Now for the question.

As a former Oly lifter were do you feel the drive should come from in the foot? Do you advocate your athletes drive from their toes or from the middle of their feet?

I have heard some varying opinions from some of the coaches I work with and would like to get your thoughts on this matter.

Thanks in advance.

Marc.

*Edit to clarify I mean during the second pull were do you reckon the drive should come from?

HE IS AWAY ON VACATION!!!

[quote]Christian Thibaudeau wrote:
Guys I’m leaving tomorrow (Saturday) evening for 1 week in Cuba (much needed vacation). Internet access is very limited over there (I might be able to come online one hour a day) and I can’t bring my laptop.

So until that time I’m devoting my whole time the answering as many questions as I can. Post them here.

When I’ll get back I’ll start another Q&A thread as the one I have is too slow because of the post volume.[/quote]

Hey Thibs,
Just got your email of your new dvd; Mechanical Drop Sets,
12 Weeks to Ultimate Muscle Building. Just wanted to know if this is, or similar to the one you’ll be releasing on T-Nation in the next few months?
Have fun on vacation.

didnt go through all the posts yet but thinking i should have posted this here rather than in the other thread:

purchased the program after some reading some of the great feedback and results. a few questions fro those doing it (or CT)

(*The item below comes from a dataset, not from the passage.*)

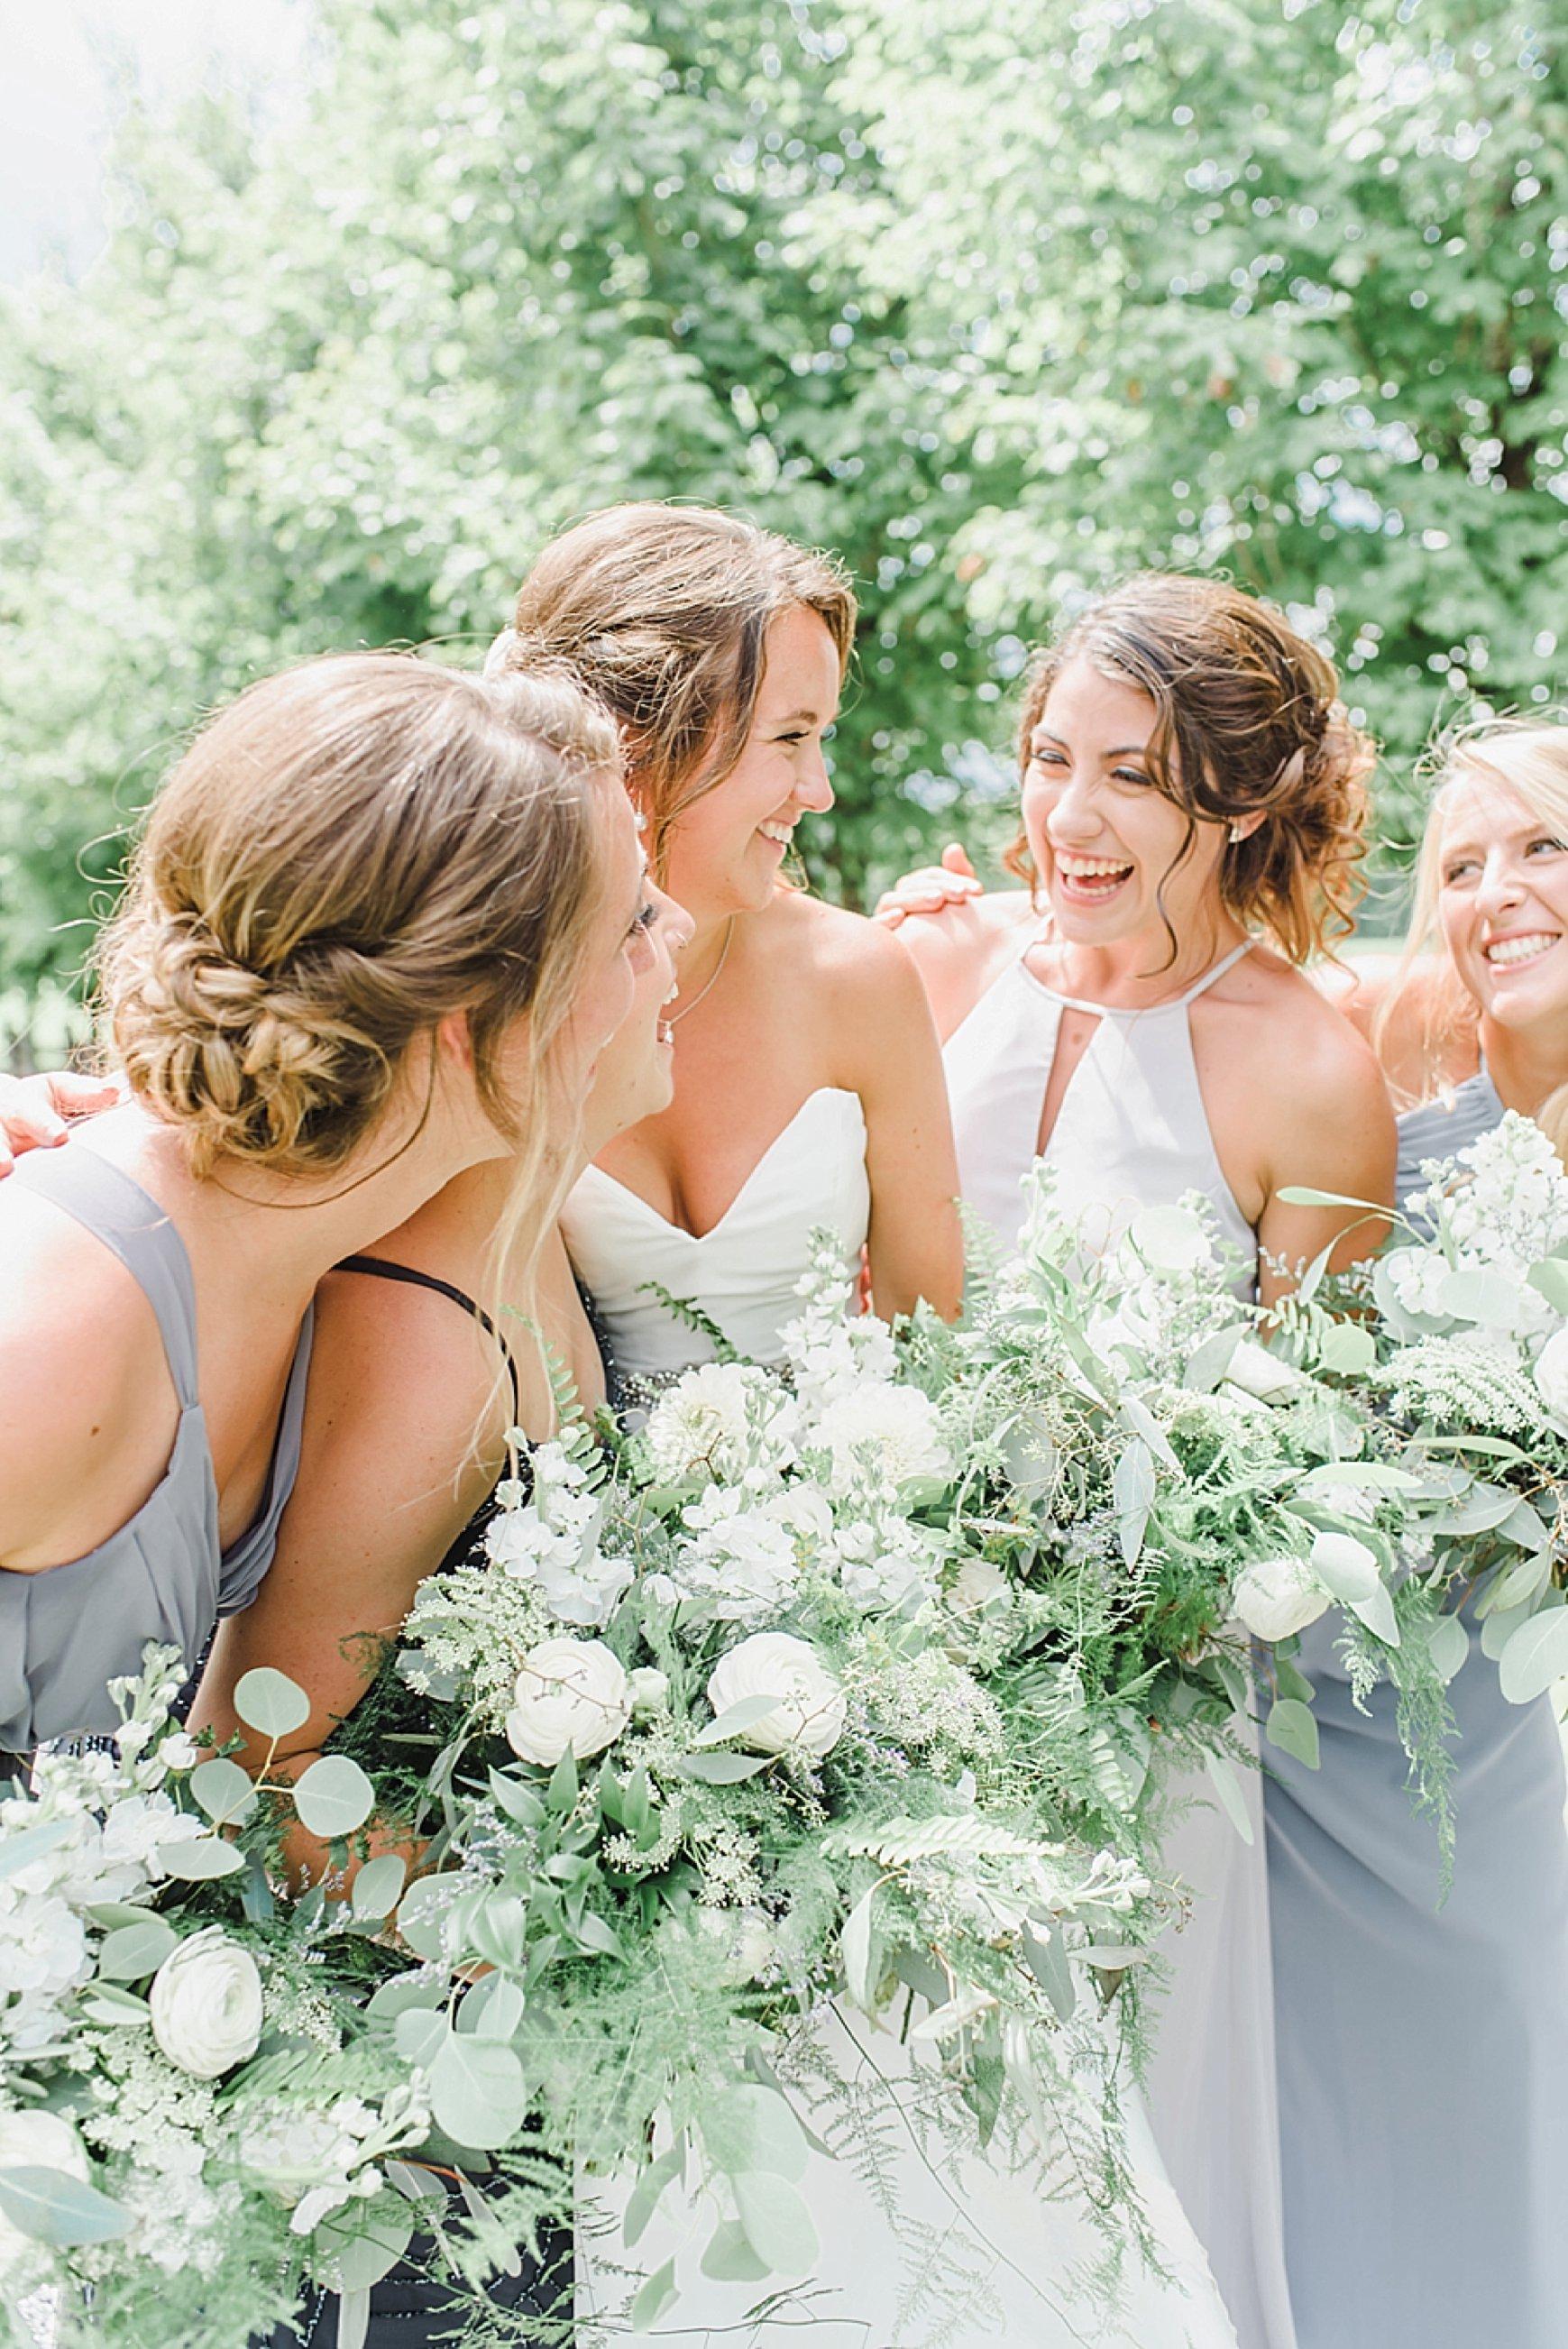 light airy indie fine art ottawa wedding photographer | Ali and Batoul Photography_0521.jpg

  1. looks like only a few HIT cardio sessions and 1 metabolic session during 1st few weeks. With some of the big fat loss/weight loss #s are u guys adding any cardio? should i if my goal is more fat loss?
  2. portions are all in grams? rather than ozs. whihch my food scale reads. how are you guys assessing portions?
  3. how bad do stutter reps suck?!?! haha
    4)do u count FF ottage cheeses as protein, dairy, or both
  4. for cardio metabolic days can i sub another cardio activity spinning, boxing, etc?